Isn't a.gigantea generally not recommended for immersed cultivation? A very pretty plant, though - but it is gigantic when it is fully grown. I've seen some really big ones in our local botanical gardens.


----------



## fishee (Feb 14, 2008)

Hmmm...well based on the current situation of my plants, I don't think the anubias will grow gigantic lol


----------



## fishscale (May 29, 2007)

Don't count on algae eaters to fix any problems. They are just as likely to eat fish food


----------



## kana (Oct 23, 2007)

fishee said:


> I'm using a 36" Coralife Freshwater Aqualight that's 96 watts. It uses compact flourscents. I think my tank is stocked well enough to provide a decent bioload.
> 
> I have: 11 rummynose tetras, 7 serpae tetras, 5 cories, 2 ottos, and some shrimp.


 
I have the same tank and same light that you are using and I'm beginning to think that it isn't as much light as what it states. I inject C02 and dose fertilizers daily and still dealing with algae and tall straggly plants. My ludwingia repen is totally green which indicated low light situations. 

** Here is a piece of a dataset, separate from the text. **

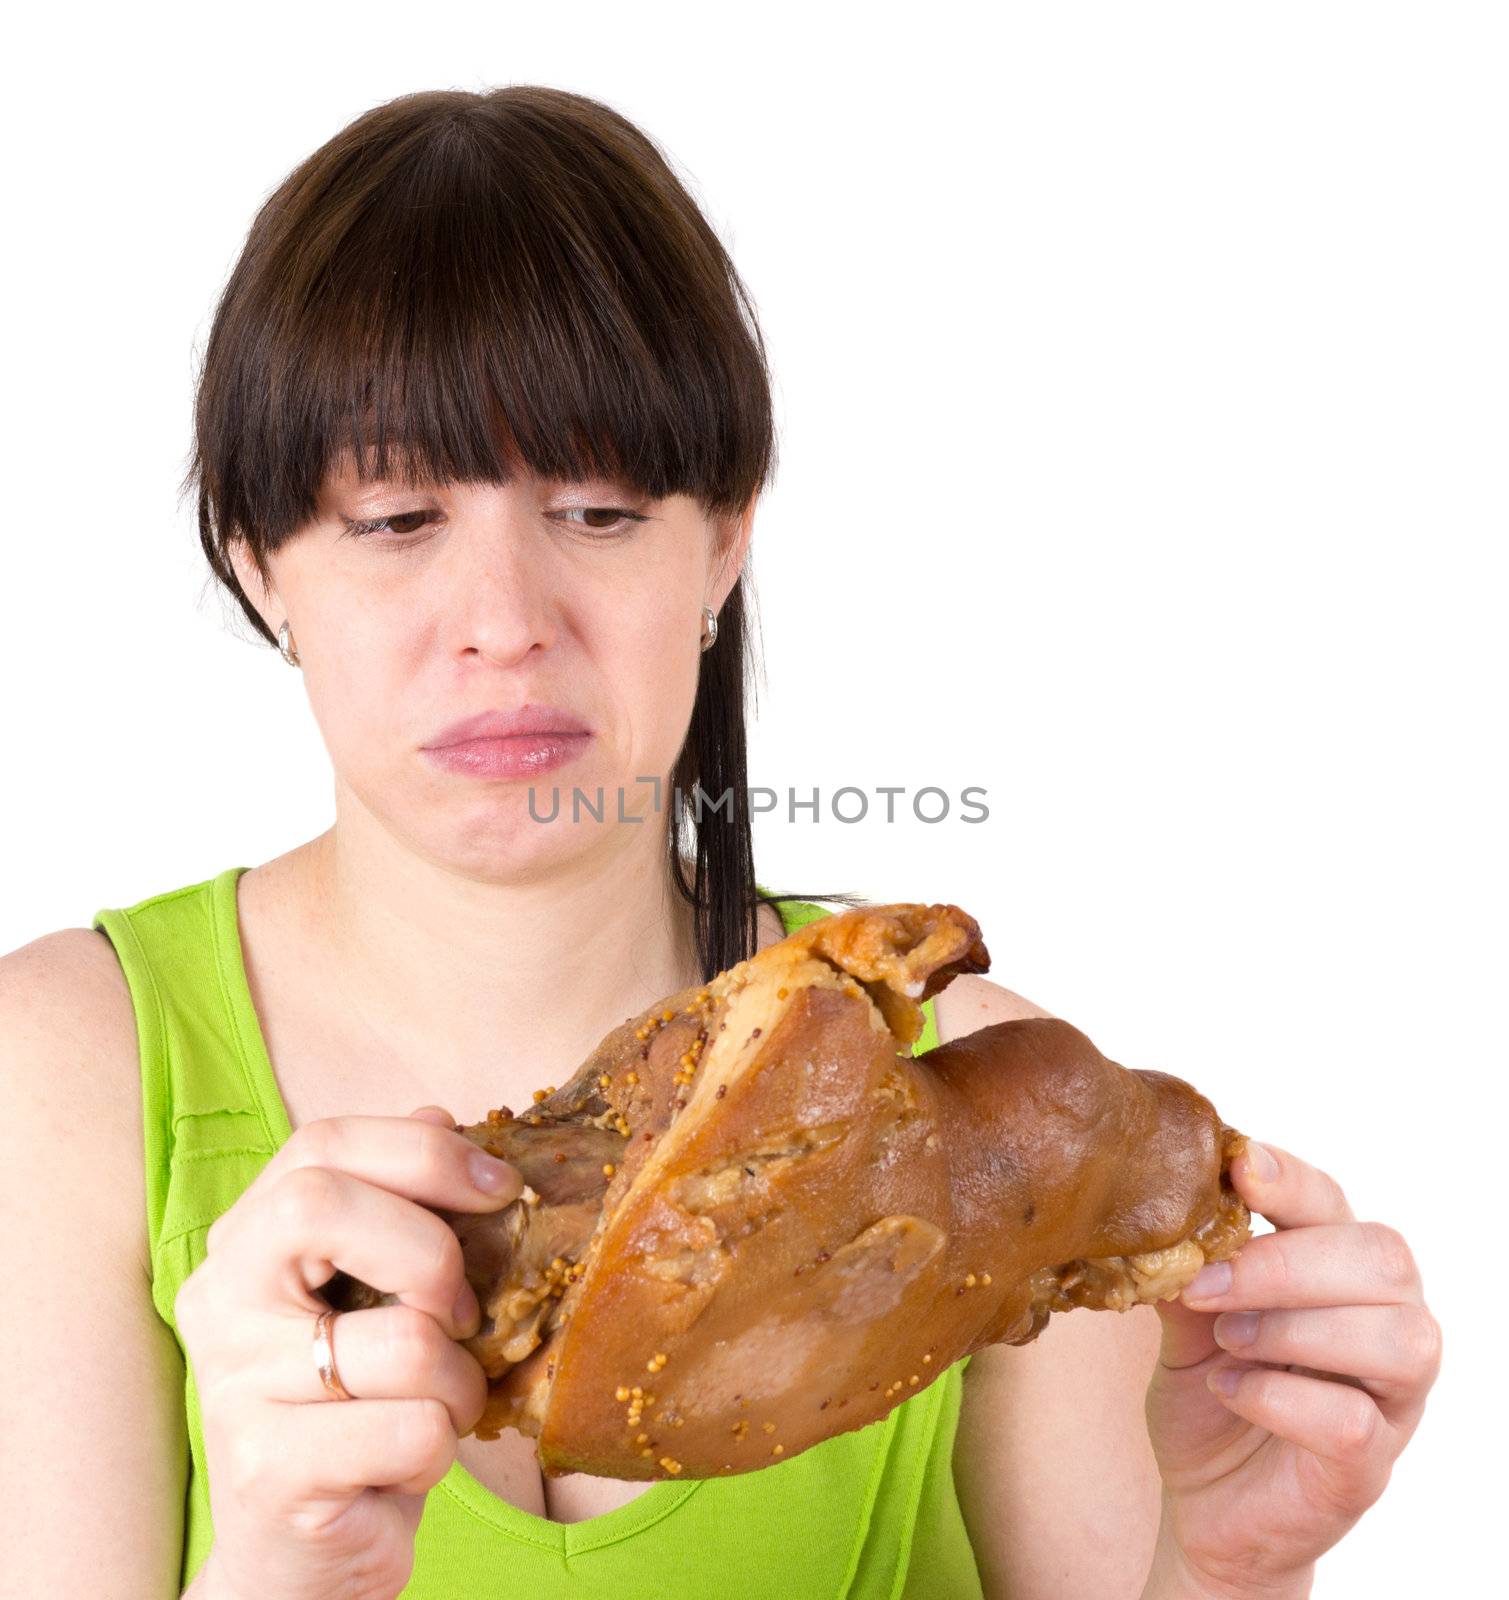 The young woman looks at a meat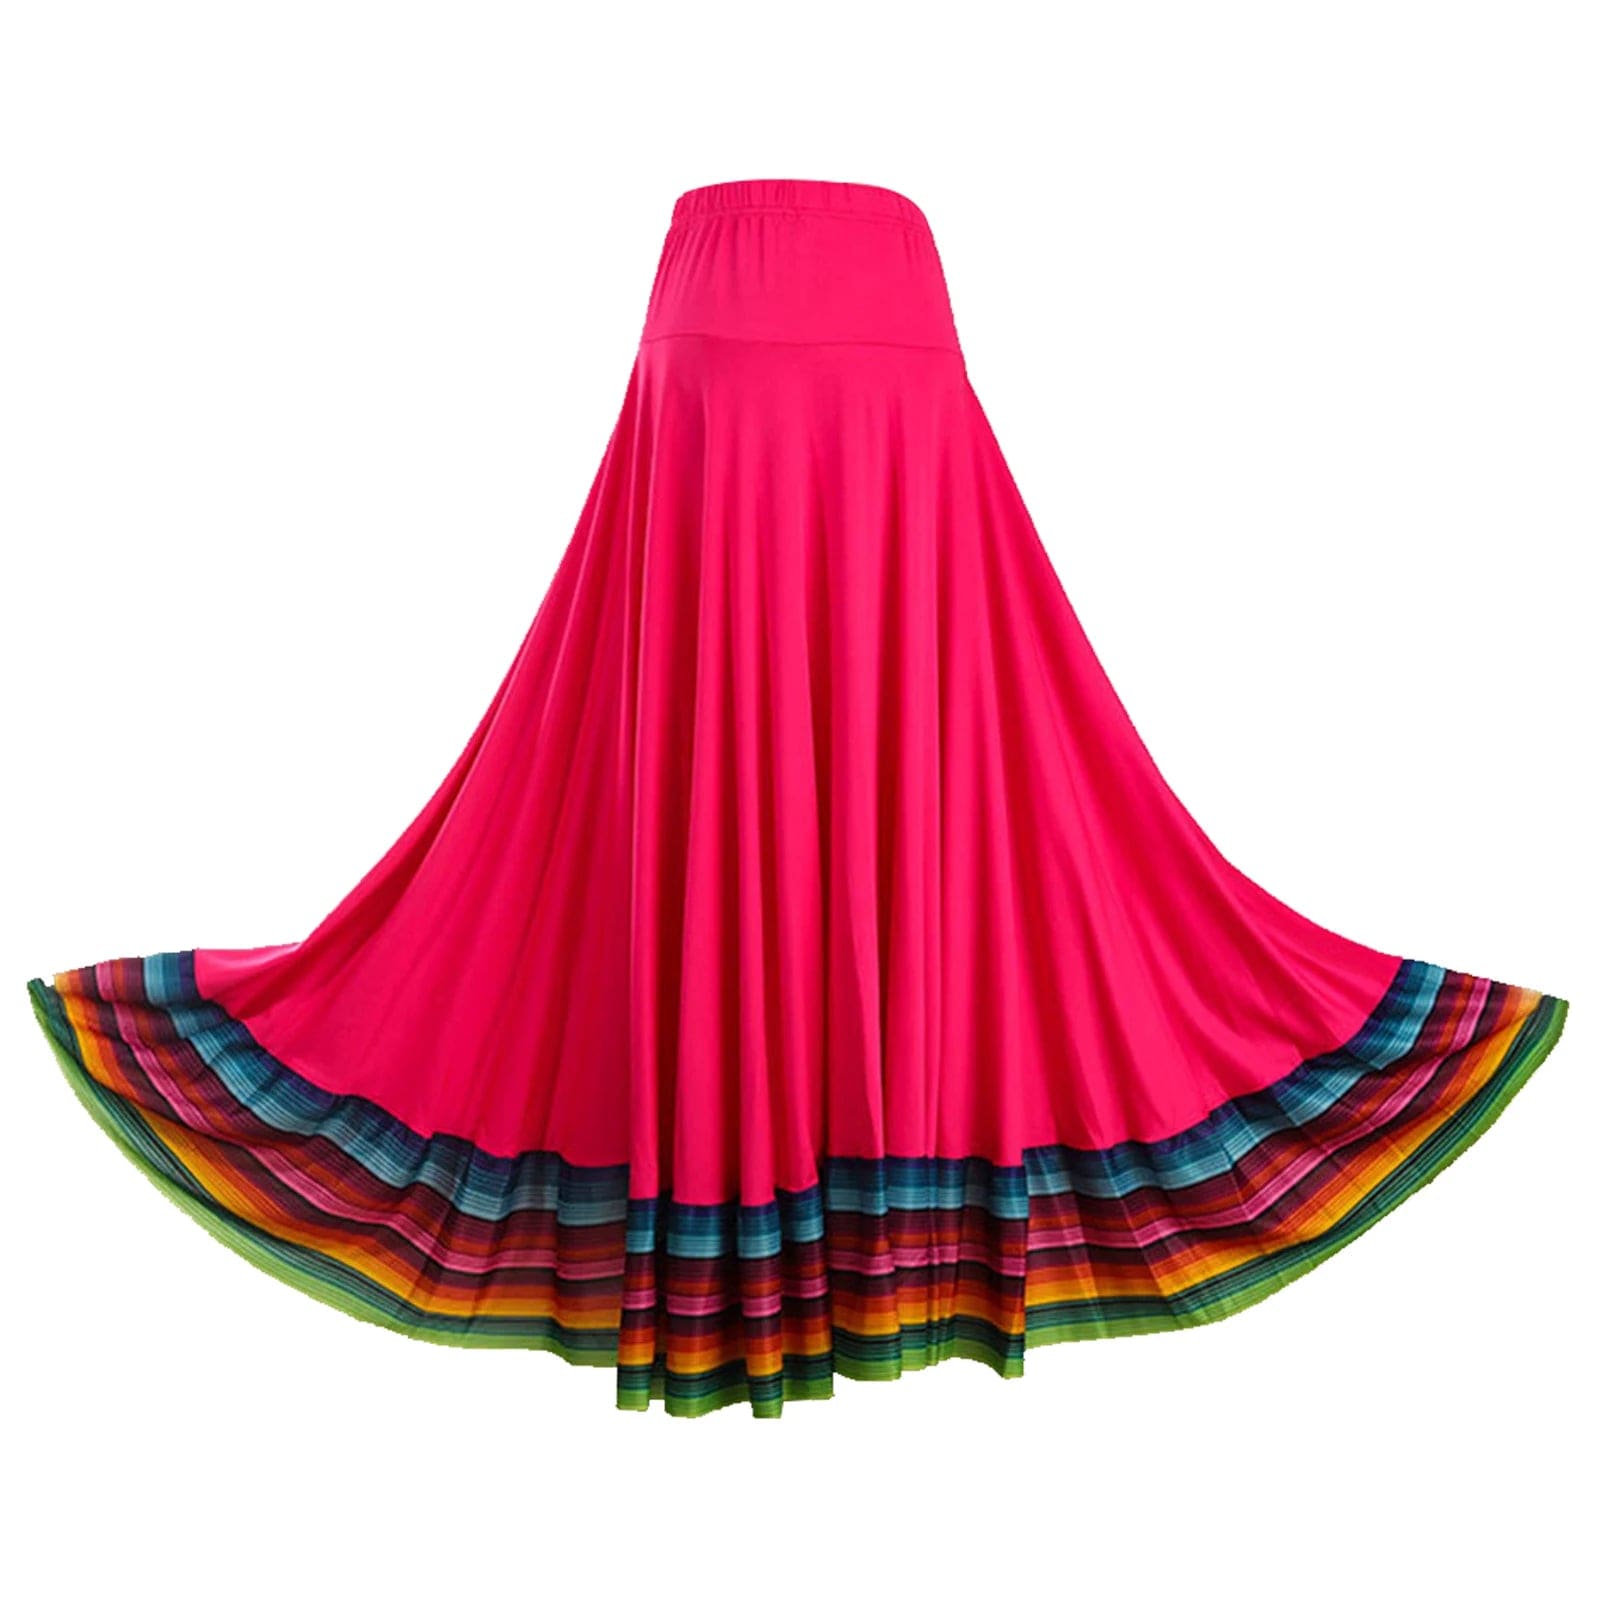 Mexican dancing skirts

I'm thinking of replacing my lights.


----------



## DaveS (Mar 2, 2008)

I think like any tank it is a matter of balance. I also have a 46g bow front tank, and I have a total of 60W (dual tube t8 strip light) and it is by far my best tank as far as steady growth and algae are concerned. I have a very heavy bioload and just a sponge filter, so the tank is somewhat naturally balanced. With 96W of PC lighting, my guess is nutrient deficiency more than anything. You are at the 2 WPG level which is still considered low light I suppose, but 96W of PC lighting is still a decent amount of light. I would still try using a comprehensive daily fertilization routine and see what happens before dropping the money on a new lighting system.

Dave


----------



## fishee (Feb 14, 2008)

Dave, do you think you can tell me what plants you have in your tank because I'm having trouble finding good plants for my tank. I feel like the 46g bow is really tall, so I can't find plants so tall.


----------



## DaveS (Mar 2, 2008)

In my 46g tank I have valisneria americana (jungle val / giant val), a couple species of crypts, a couple species of anubias, and java fern. None of those plants would be considered high light plants however.

The vals do great, and they get very tall ... several feet in fact! The java fern also gets quite tall as well while the other plants make for nice lower growing areas.

Dave


----------